Financing Innovation: Farming’s Newest Funding Solutions

Commercial banks are the leading lenders to the agriculture sector, followed by friends and family, Saccos, and digital lenders, according to the September 2023 Monetary Policy Committee(MPC) Agriculture Sector Survey conducted by the Central Bank of Kenya(CBK).

The Hustler Fund, which was introduced in 2022 to provide cheaper credit to individuals and businesses at the bottom of the pyramid, accounted for 10.3 percent and 7.5 percent in July and September, respectively, pointing to the great potential the Fund has to finance small-scale farmers in meeting their operating costs such as payment of workers and purchase of inputs.

Regarding farm categorization, a higher proportion of large-scale farmers accessed loan facilities than medium and small-scale farmers, perhaps due to economies of scale and higher absorption capacity.

A majority (36.8 percent) of the farmers sampled in the September survey used the borrowed funds to buy farm equipment and machinery, up from 8.7 percent in July. This was followed by using credit to diversify agricultural activities and purchasing farm inputs and labour costs. Access to agriculture finance is, however, not without challenges, as high-interest rates were cited by 16 percent of the sampled farmers as the main barrier to agriculture finance. This was followed by 11.0 percent who voluntarily excluded themselves, arguing that they did not need credit.

In the July survey, banks still dominated as big lenders to farmers over the last year, at 39.1%.

Other lenders to farmers included the Agricultural Finance Corporation (3.4%), Microfinance Banking Institutions (2.3%), Buyers of Farm Produce (2.3%), informal money lenders (1.1%) and Others (5.7%)

According to this Survey, 14.9% of farmers sampled borrowed funds from friends and family and took digital loans from platforms such as Mpesa, KCB Mpesa, and Mshwari, among others, to finance their farming activities.

Co-operative Societies accounted for 5.7% of farmers who borrowed money to finance their farming activities.

The State-sponsored Hustler Fund, which was introduced last year to provide cheaper credit to individuals at the low end of the income pyramid and with no collateral, accounted for 10.3% of those who got loans to conduct their farming activities.

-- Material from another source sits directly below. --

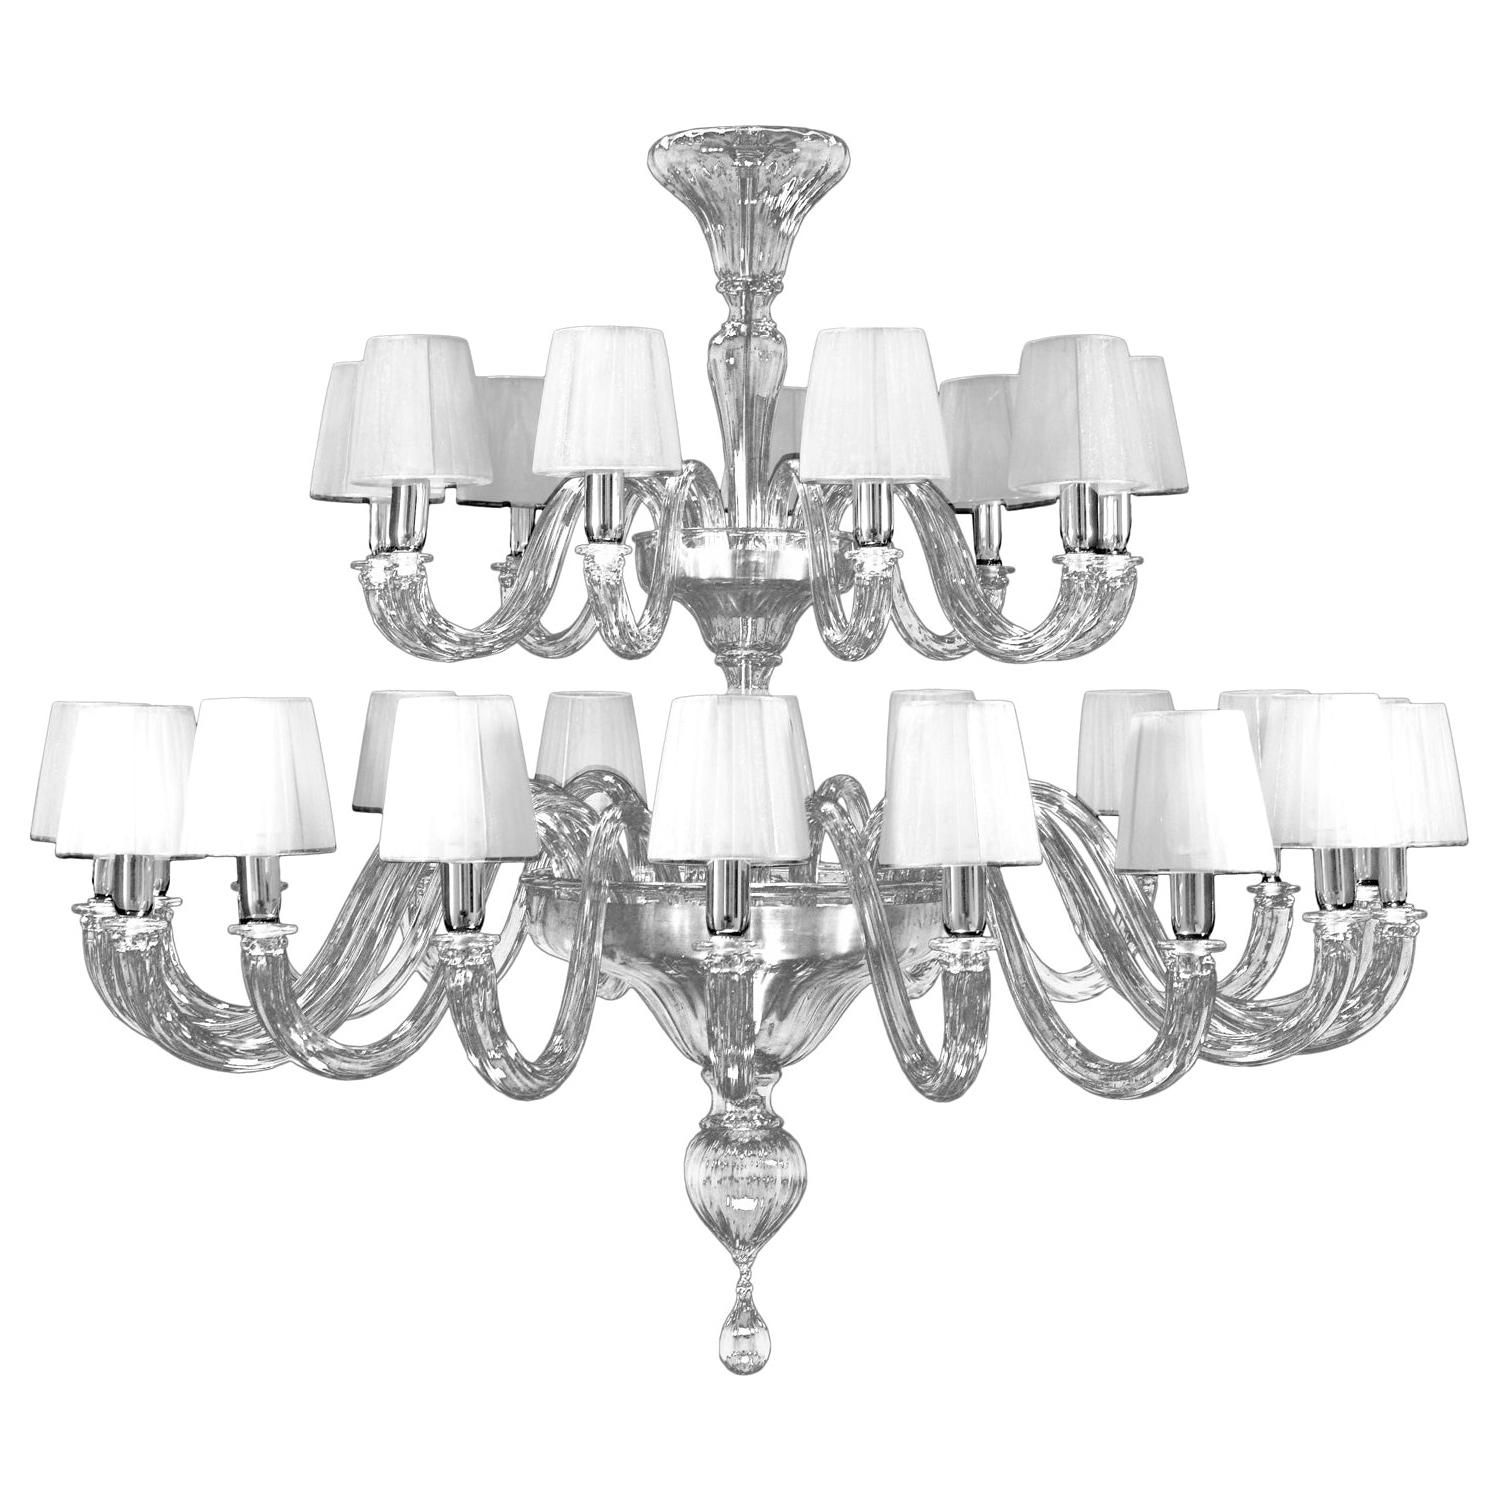 Chandelier 18+9 arms Crystal Murano Glass handmade lampshades by Multiforme

CBK noted that the newly launched Fund has great potential to finance small-scale farmers in settling day-to-day expenses such as payment of workers and purchase of inputs

This Survey drew respondents from wholesale and retail markets and farms in major towns across the country. These included Nairobi, Nairobi Metropolitan area, Naivasha, Gilgil, Nakuru, Narok, Bomet, Nyandarua, Nyahururu, Kisumu, Mombasa, Kisii, Eldoret, Kitale, Meru, Mwea, Machakos, Isebania, Nyeri, Molo, Kericho, Isiolo, Oloitoktok, Namanga and Makueni.

Credit facilitates access to requisite farm inputs such as seeds and fertilizer. It also facilitates the payment of workers, purchase/lease of land, and adoption of appropriate technology in agriculture.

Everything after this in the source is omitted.